Handwriting OCR auto-detects the language of each document. Most of the time this works invisibly, but a few situations can throw it off:
- Mixed-language pages — a French document with English place names, or notes that switch between two languages mid-page, can pull the detector toward the wrong language.
- Very short content — single words or fragments don't give the detector enough to work with.
- Languages that share characters — Spanish and Portuguese, or Norwegian and Danish, can be confused on short passages.
- Stylised cursive — older or unusual handwriting styles can register as a different language entirely.
What to do
- Set the expected language when uploading. Both the dashboard upload flow and the API support specifying a language explicitly — when set, this overrides auto-detection.
- Split mixed-language documents by language section if you can — separate uploads give cleaner results than mixed pages.
- Re-upload with a clearer scan if the source quality is borderline; better contrast helps the detector.
If you're consistently seeing misidentification on a specific document type, send us a sample and we can take a look.
Why am I getting a blank or empty output file?
Blank outputs occur when scans are extremely faint, contain no legible text, or the PDF uses an unsupported encoding with no extractable image layer. Re-exporting the PDF as images or rescanning the page usually resolves the issue.
Why am I getting an "invalid field name" error in my custom extractor?
Custom extractor field names must use letters, numbers, and underscores only — anything else triggers a validation error.
Common causes
- Spaces —
Customer Namefails; usecustomer_nameorCustomerName. - Hyphens or punctuation —
date-of-birthanddate.of.birthboth fail; usedate_of_birth. - Starting with a number — some integrations require the first character to be a letter; if so, prefix with a word like
field_1rather than1. - Non-ASCII characters — accented letters and other Unicode characters are rejected.
Fixing it
Open the extractor, rename the offending field, and save. The change is non-destructive — past extractions are unaffected, but future runs will use the new name.
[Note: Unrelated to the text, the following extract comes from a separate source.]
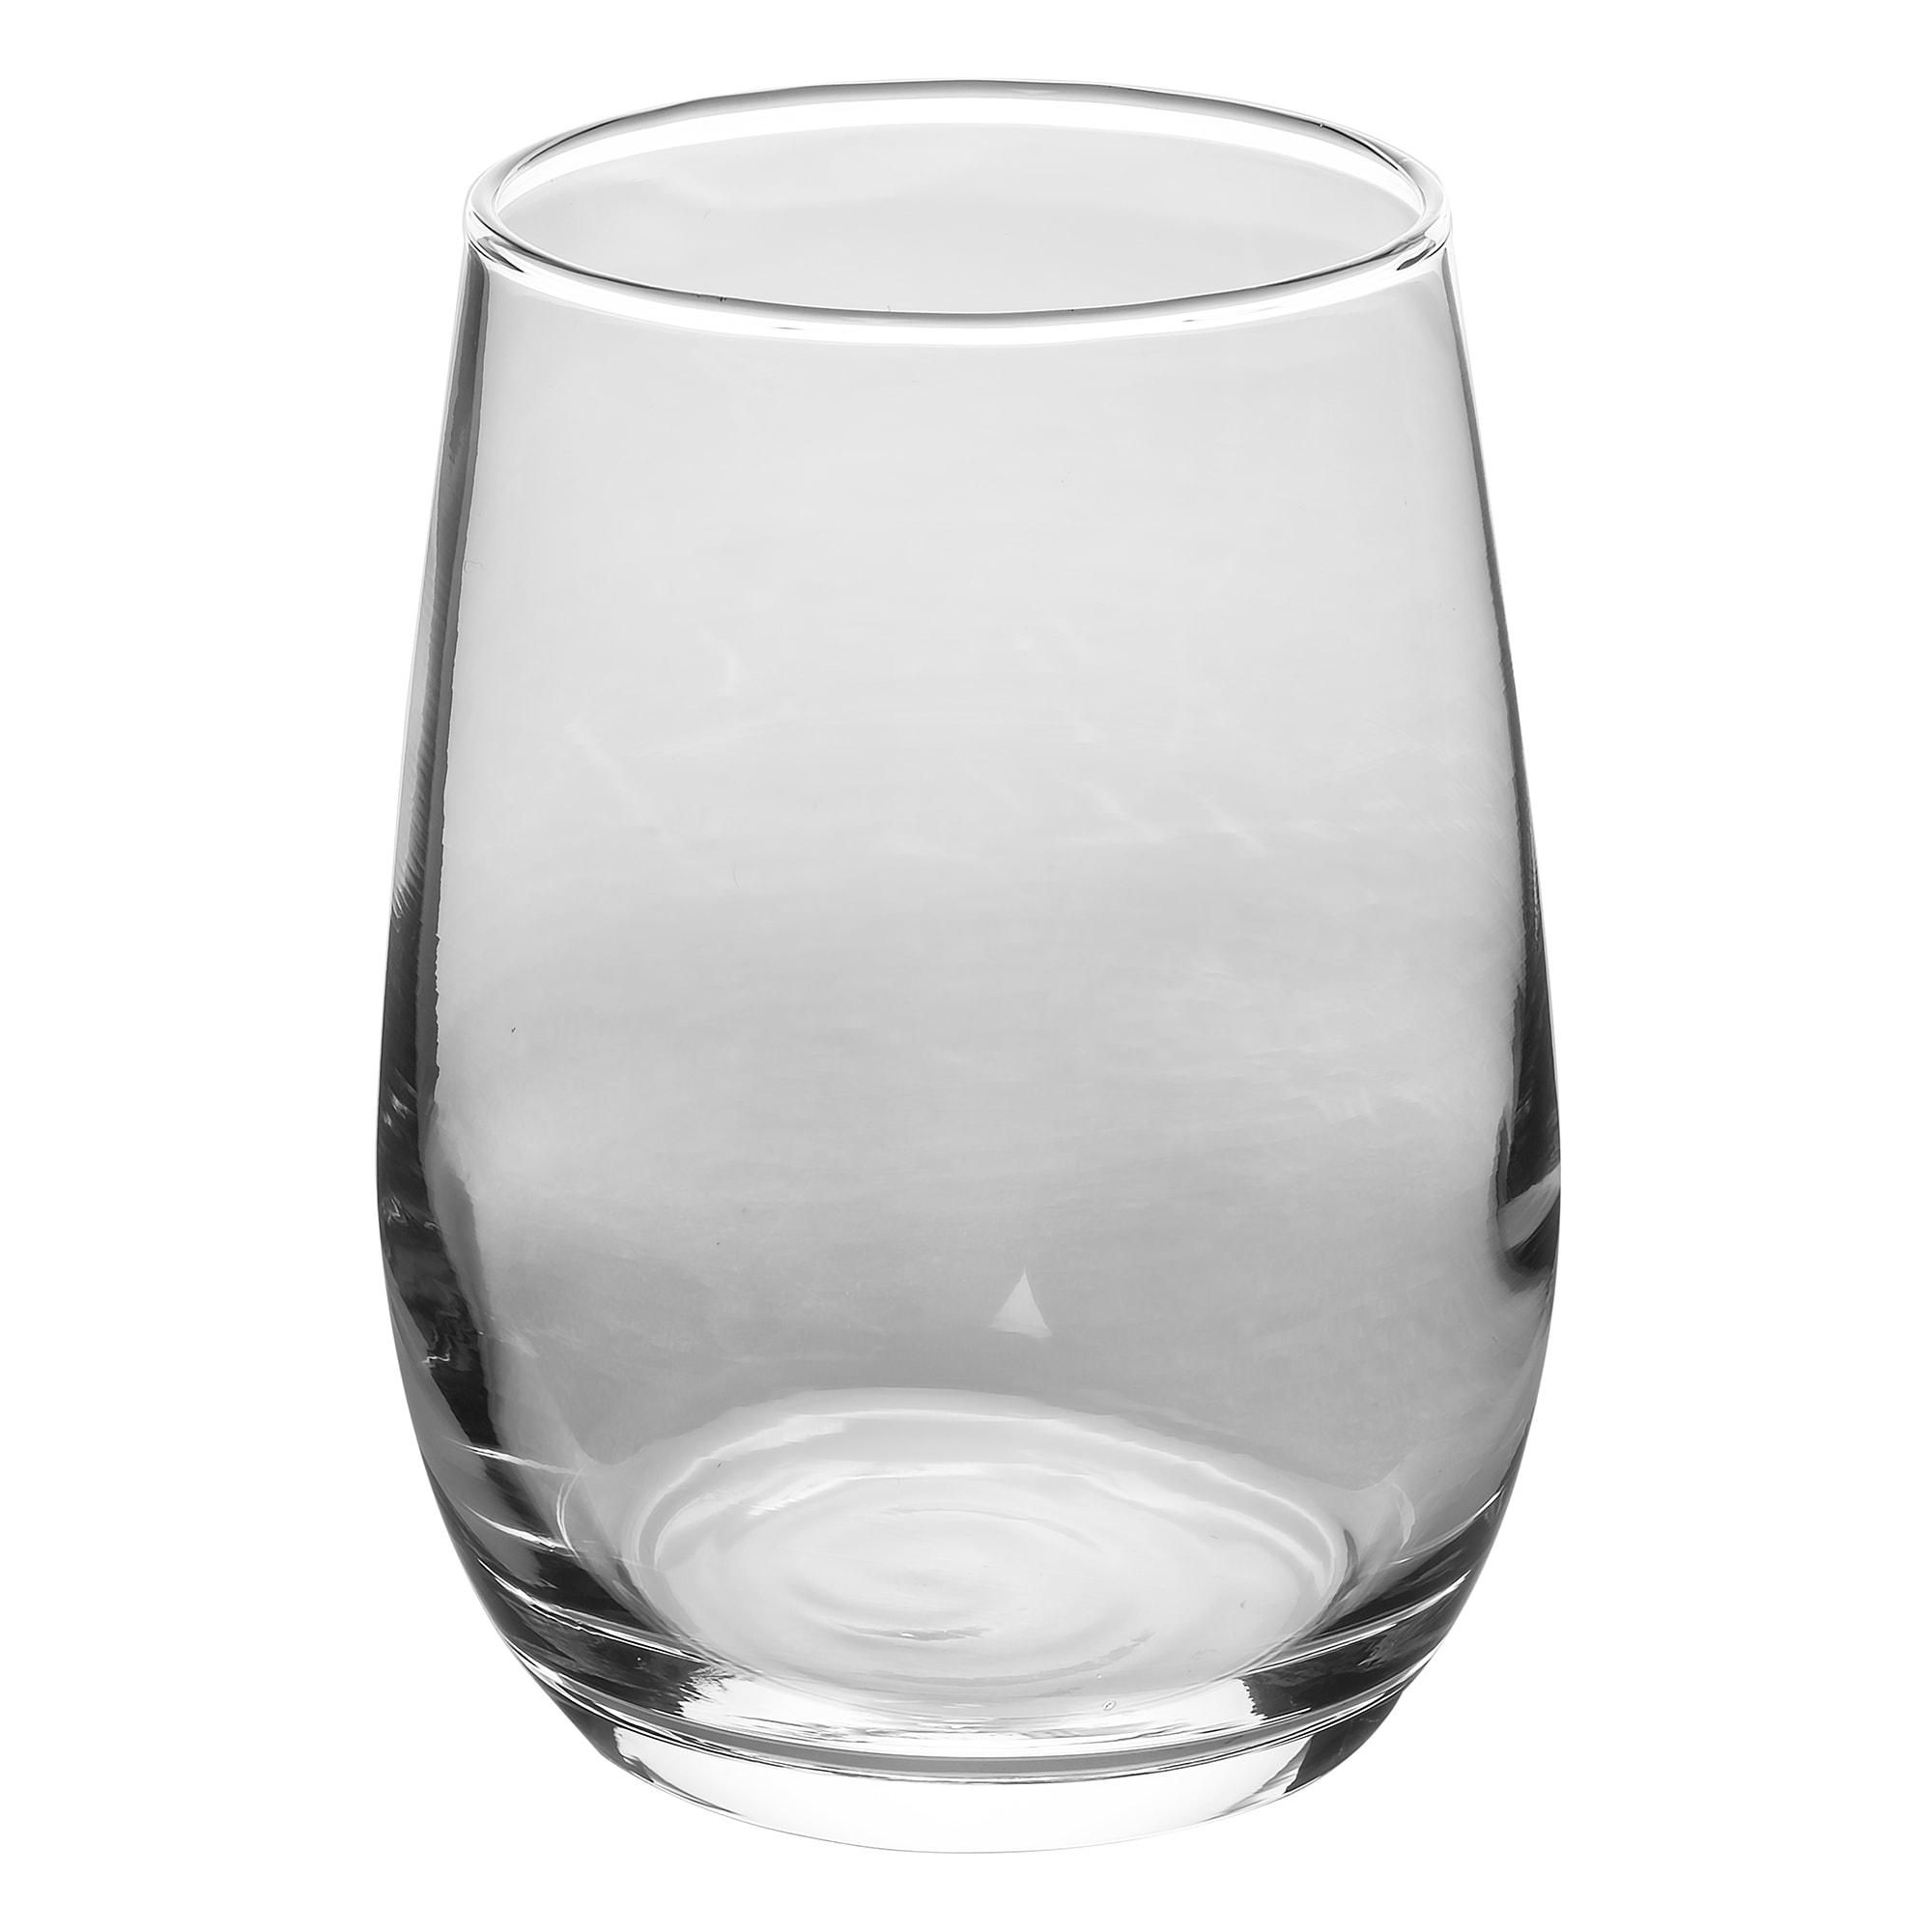 Libbey 260 6-1/4-oz Safedge Wine Taster Glass - Rim Guarantee, Clear

If you need a human-readable label in your downstream system, keep the technical field name simple (customer_name) and map it to the display name in your own application.
Why are some pages in my PDF not showing in the output?
This usually happens when certain PDF pages are corrupted, contain incompatible encodings, or store content as non-image objects. Re-exporting the PDF from your scanner or splitting it into smaller files typically resolves the issue.
Why did my document fail to upload?
Upload failures usually occur when the file exceeds the 20 MB size limit, is corrupted, or is saved in an unsupported format. Re-exporting the PDF or image, reducing resolution slightly, or splitting very large documents normally resolves the issue. If uploads consistently fail, try a different browser or test a smaller representative sample.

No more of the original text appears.